##### Data section

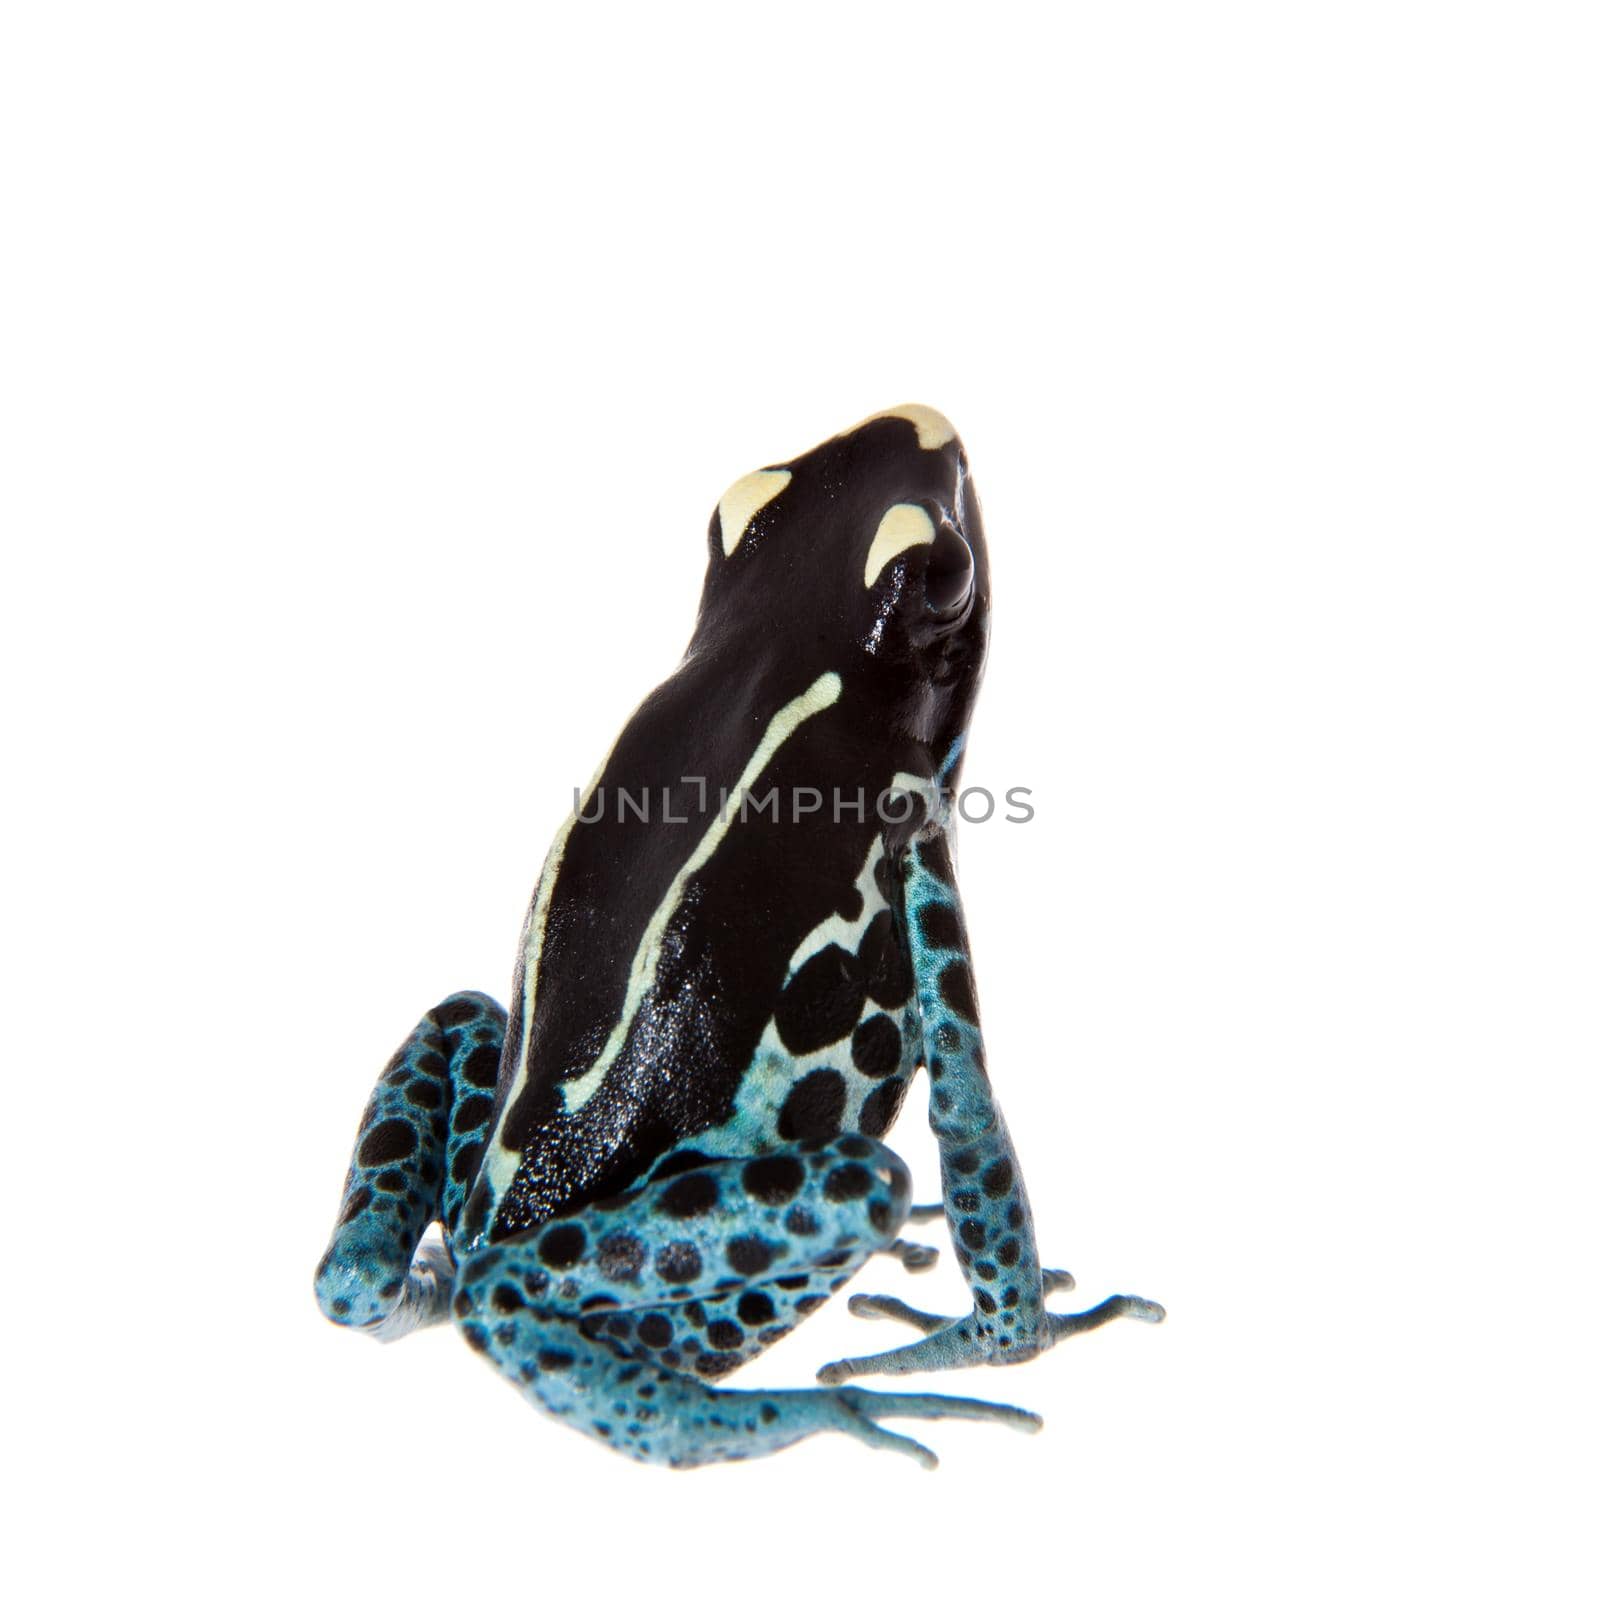 Awarape Dyeing Poison dart frog, Dendrobates tinctorius, on white by RosaJay
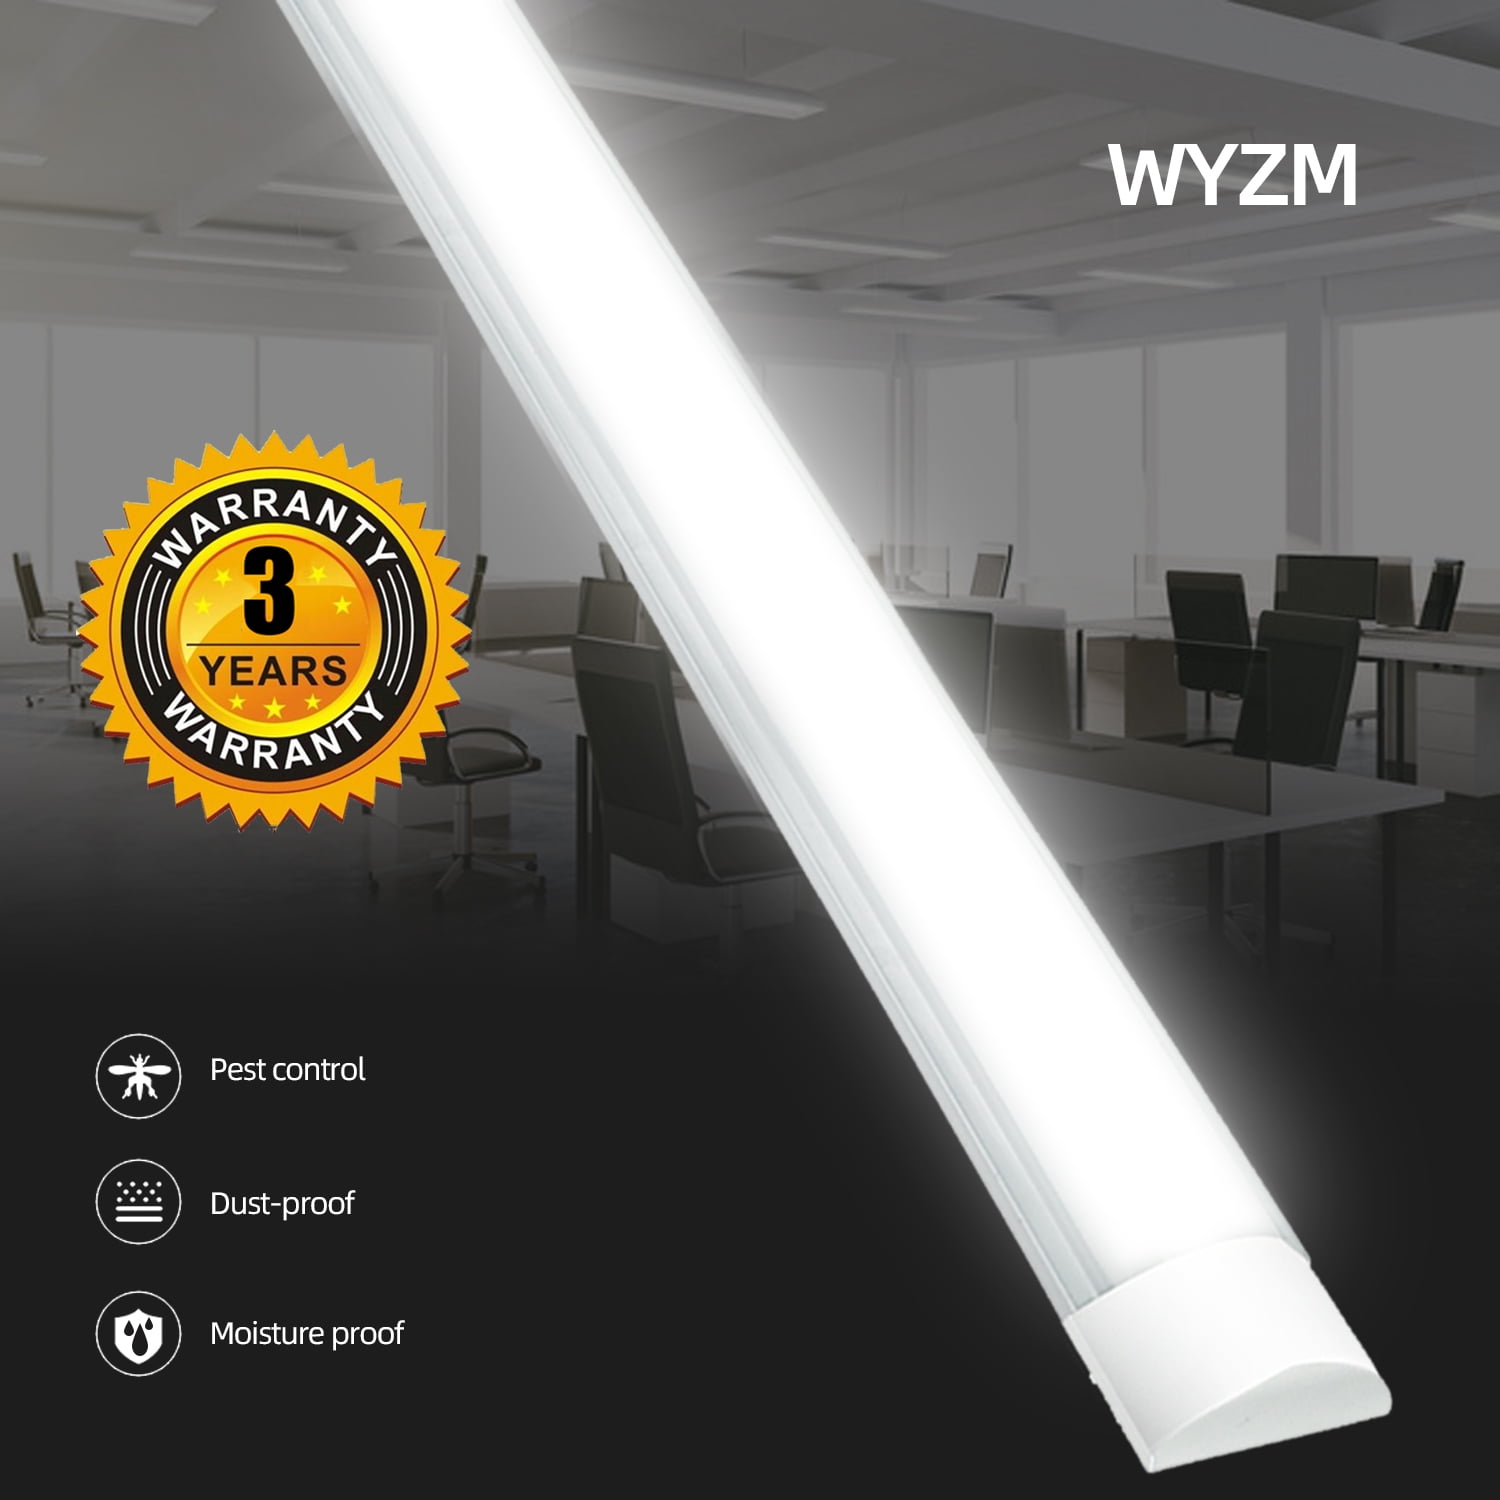 4FT 50W 120cm LED Batten Linear Tube Light Bar Ceiling Fixture Warm White Lamp 
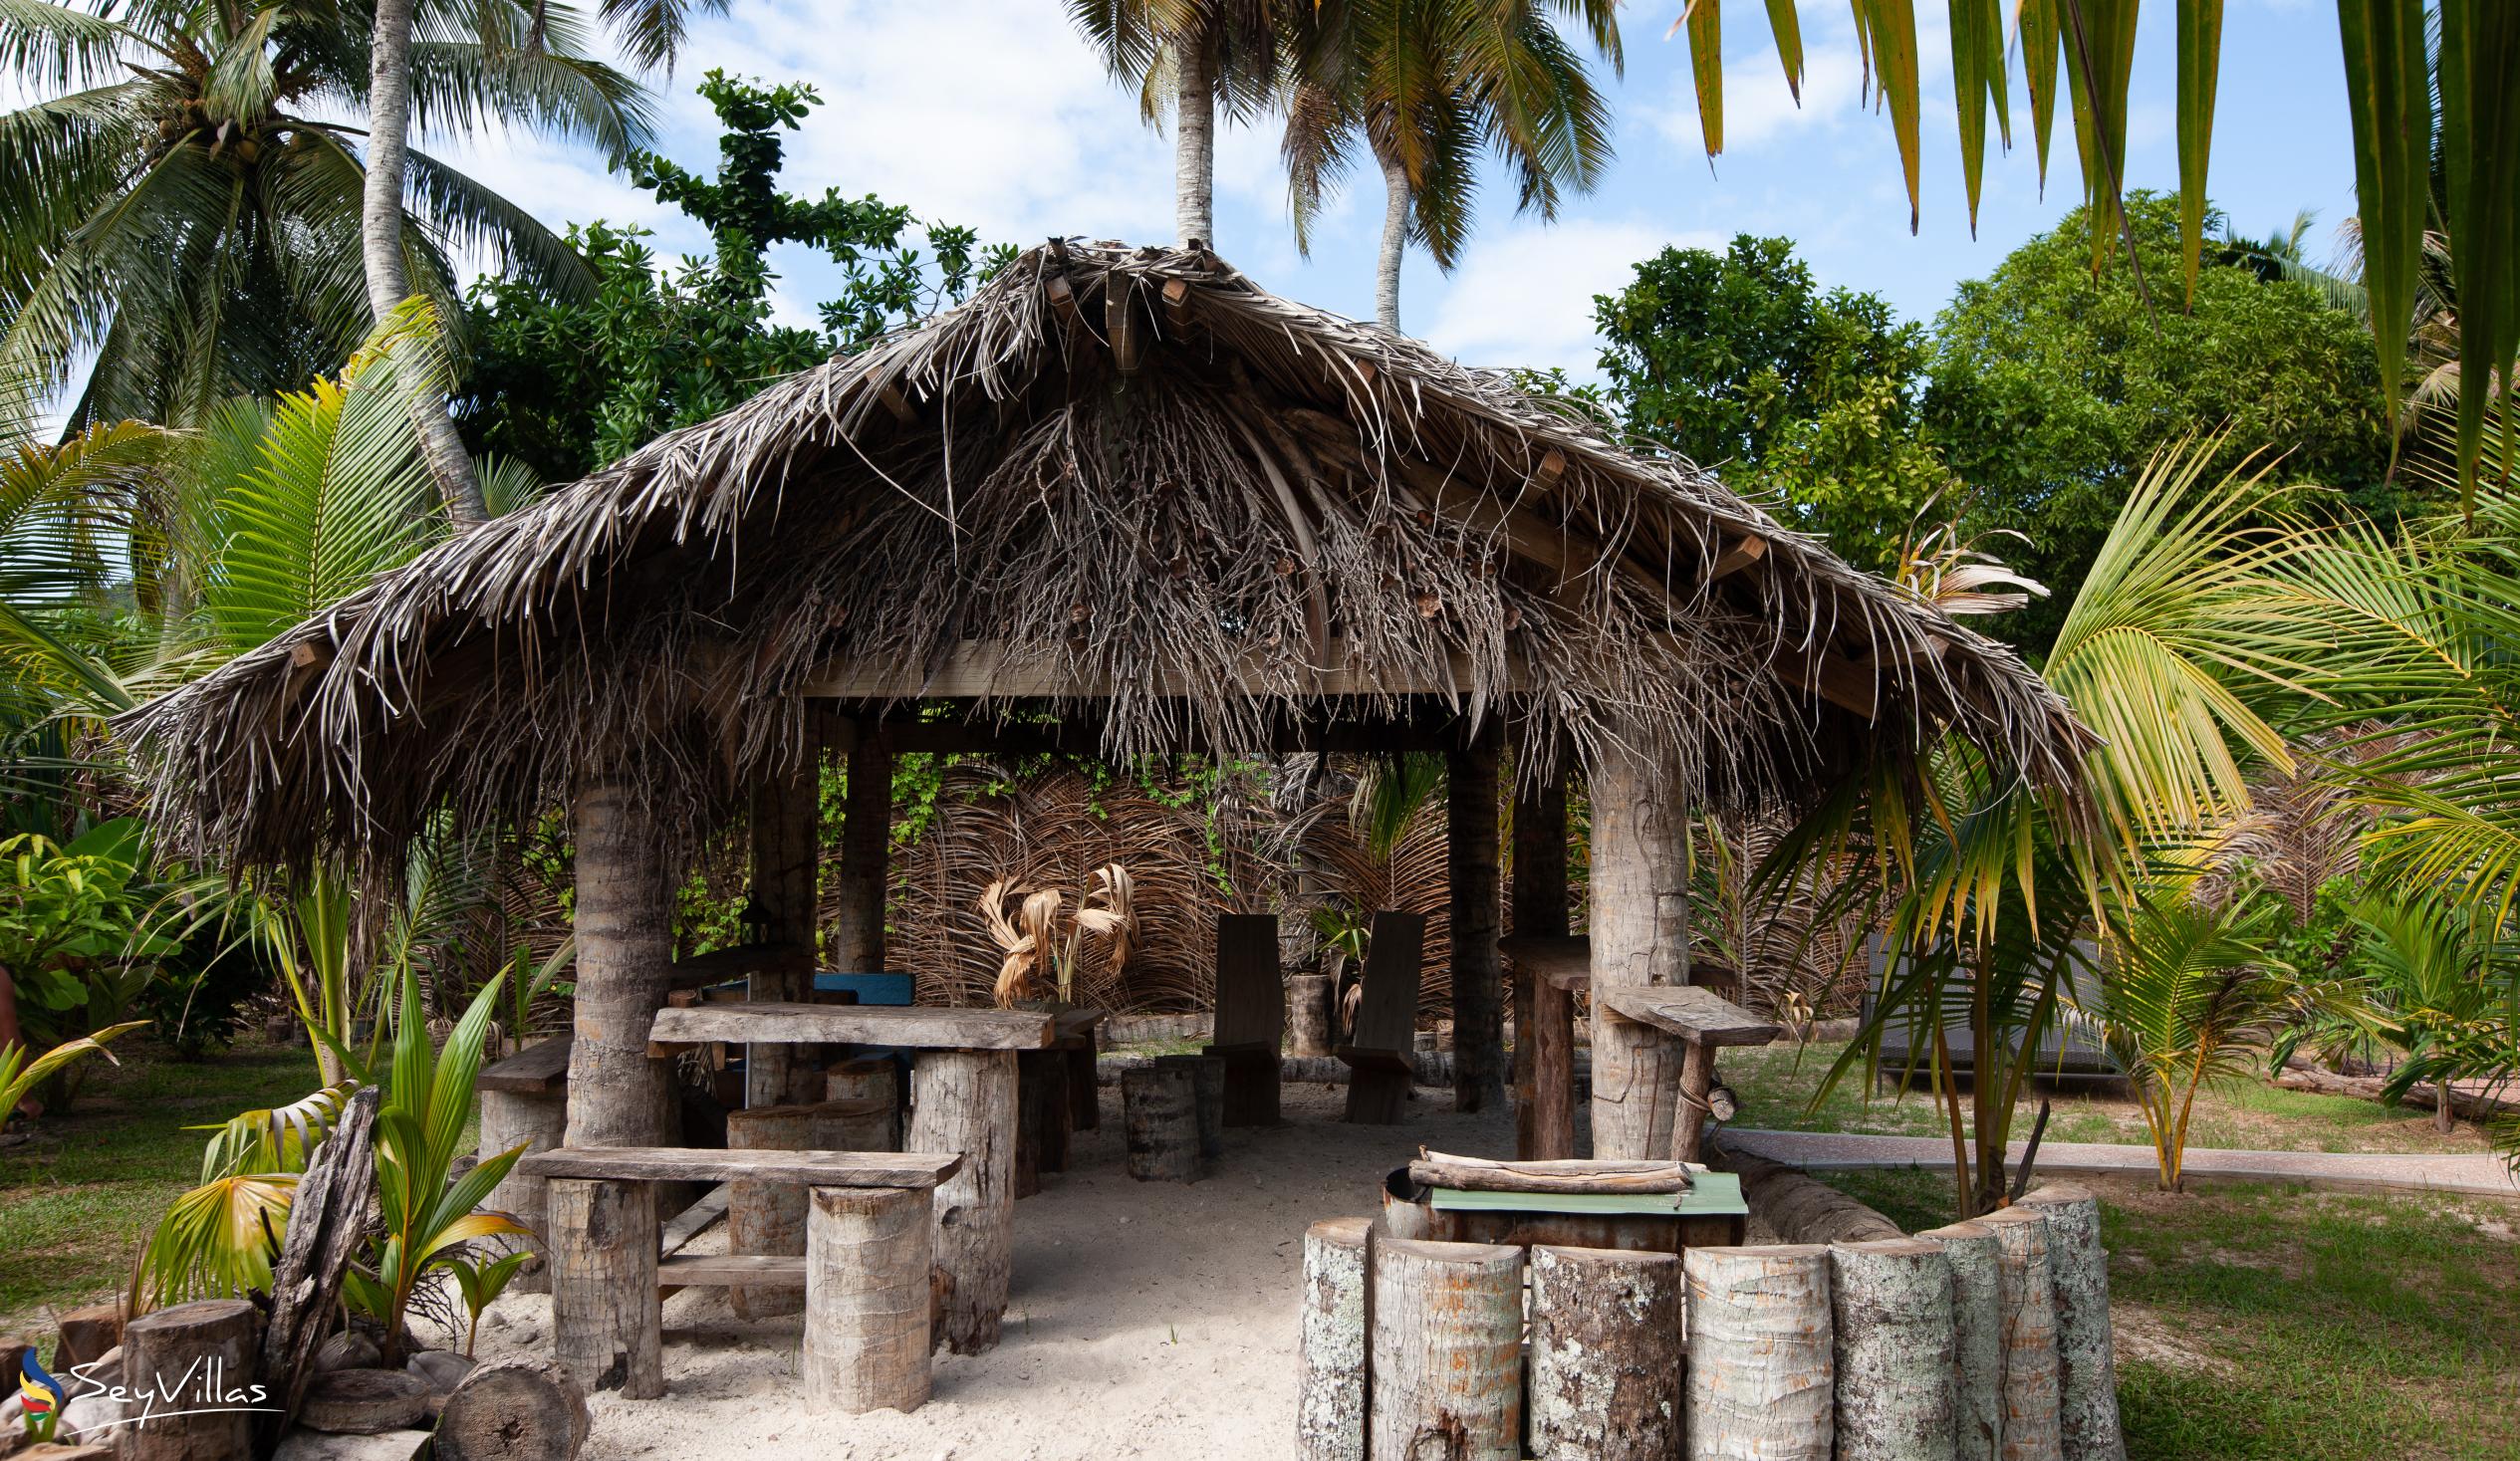 Photo 12: Coco de Mahi - Outdoor area - La Digue (Seychelles)

##########

Reproduce the entire listing exactly, but omit any pictures.

▶ _Result for this exercise_
 Awarape Dyeing Poison dart frog, Dendrobates tinctorius, on white by RosaJay
 4FT 50W 120cm LED Batten Linear Tube Light Bar Ceiling Fixture Warm White Lamp 
 Photo 12: Coco de Mahi - Outdoor area - La Digue (Seychelles)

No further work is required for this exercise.